Муж не ответил. Уснул.
Катинка была младшей дочерью в семье. Не думали, не гадали старики, что она окажется ослушницей — выйдет замуж против воли родителей. Про Костаке Фрунзэ отец ей прямо сказал — не пара он, ни богу свечка, ни черту кочерга. Она убежала к Костаке. Несколько месяцев провела в слезах, пока смягчились родители. Приданое получила сполна, даже дом ей уступили. Старики построили себе мазанку во дворе, чтобы не жить с дочкой. Все из-за Костаке, ее мужа. Оторвался он от земли. Еще когда был мальчишкой, полюбился он местному попу. У паренька был сильный, чистый голос и отличный слух. Его отправили в Кишинев учиться на дьячка. И на третьем году ученья его бас уже мощно гудел на хорах Кишиневского собора. Но батюшкины сыновья, обучавшиеся в семинарии, смотрели на него свысока. Быть может, из зависти. Они ябедничали отцу, что Костаке заносится и не хочет с ними знаться. При встрече старались поддеть его, уязвить: мол, если бы не батюшка, быть ему пастухом! А батюшка, их отец, из лапотника и недотепы, видите ли, решил сделать человека…
Однажды Костаке обидели при девушках. Он тогда не сдержался, ответил, что поповичам задаваться тоже не след: подумаешь, какие родовитые. Из чесночников!

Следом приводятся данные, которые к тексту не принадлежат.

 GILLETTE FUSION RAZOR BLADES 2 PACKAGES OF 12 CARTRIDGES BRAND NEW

Это напоминание для поповичей было что нож в сердце. Батюшкин дед действительно промышлял чесноком: ездил из села в село на телеге с рогожным верхом и продавал. Прознал сельский поп о неблагочестивой выходке Костаке, приехал в Кишинев и забрал его из училища: спесивцам нечего делать в храме господнем.

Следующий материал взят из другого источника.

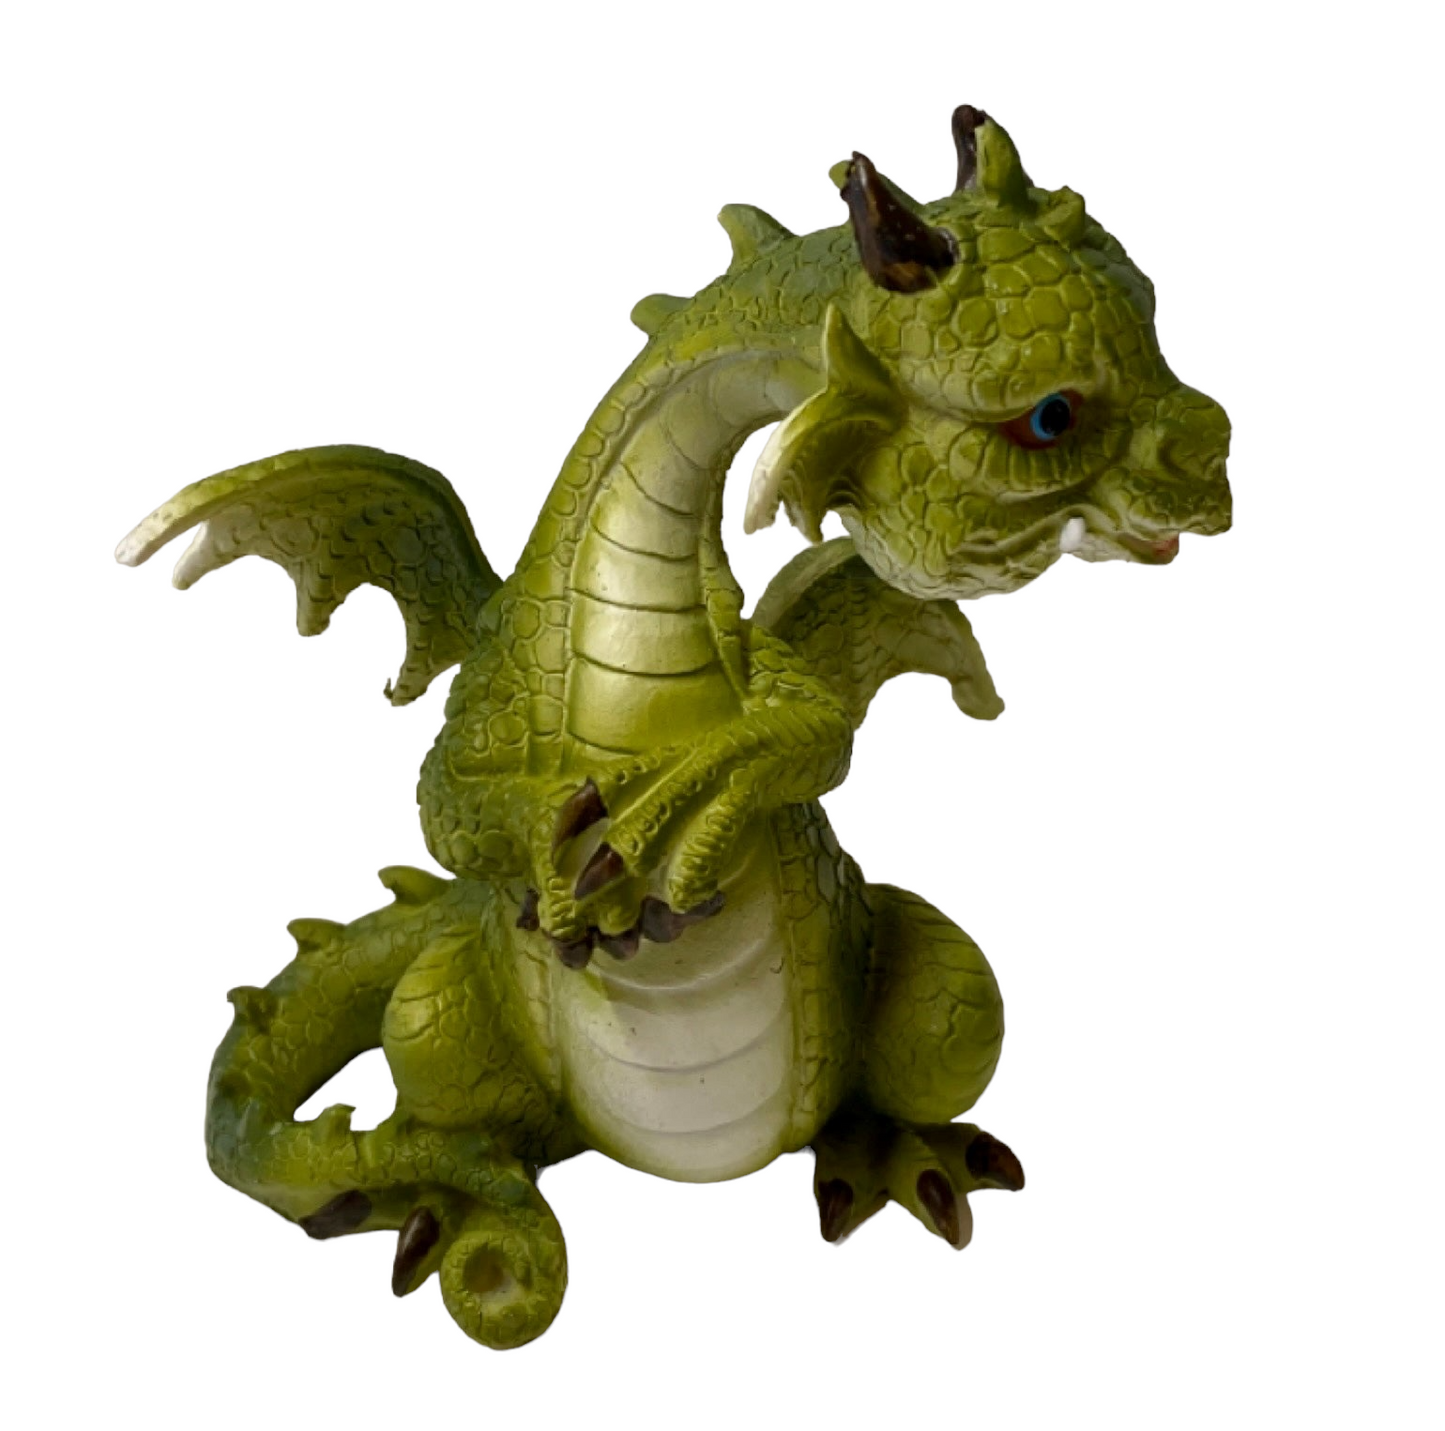 Dragon Cheeky Shy Ornament - The Renmy Store Homewares & Gifts

Мальчику стыдно было возвращаться в село. Остался работать в городском трактире, но долго не выдержал. Вернулся он дождливой, ненастной ночью, когда людям неохота высунуть нос из дома и никто к тебе не пристанет с вопросами да расспросами. Потом… потом сдружился с самыми видными парнями села. Копейки за душой не имел, но малость набрался грамоты, повидал мир. И стоило ему выпить вина, как начинал петь. Только мирские песни. Да так пел, что дрожали листья на деревьях, и то ли из-за песен, то ли из-за учености своей стал Костаке желанным гостем у сельчан. Даже самые что ни на есть нелюдимы хотели, чтобы сыновья водились с ним: пусть Костаке хоть немного, да расшевелит их. Пусть посмеется над ними, неотесанными, авось ловчей на хоре станут. Это ведь не то, что за него дочку замуж отдавать. А уж кувшин вина, конечно, лучше распить с находчивым и умным, чем с дураком!
Но все на свете имеет свой конец, и разные тропинки все чаще стали приводить Костаке к дому деда Тоадера Лефтера. К дому Катинки.
Костаке сроду не брался за мотыгу, не умел отбивать косу, не держал рукоятки плуга. Ни грамотей, ни деревенщина. Или, как сказал дед Тоадер, ни богу свечка, ни черту кочерга.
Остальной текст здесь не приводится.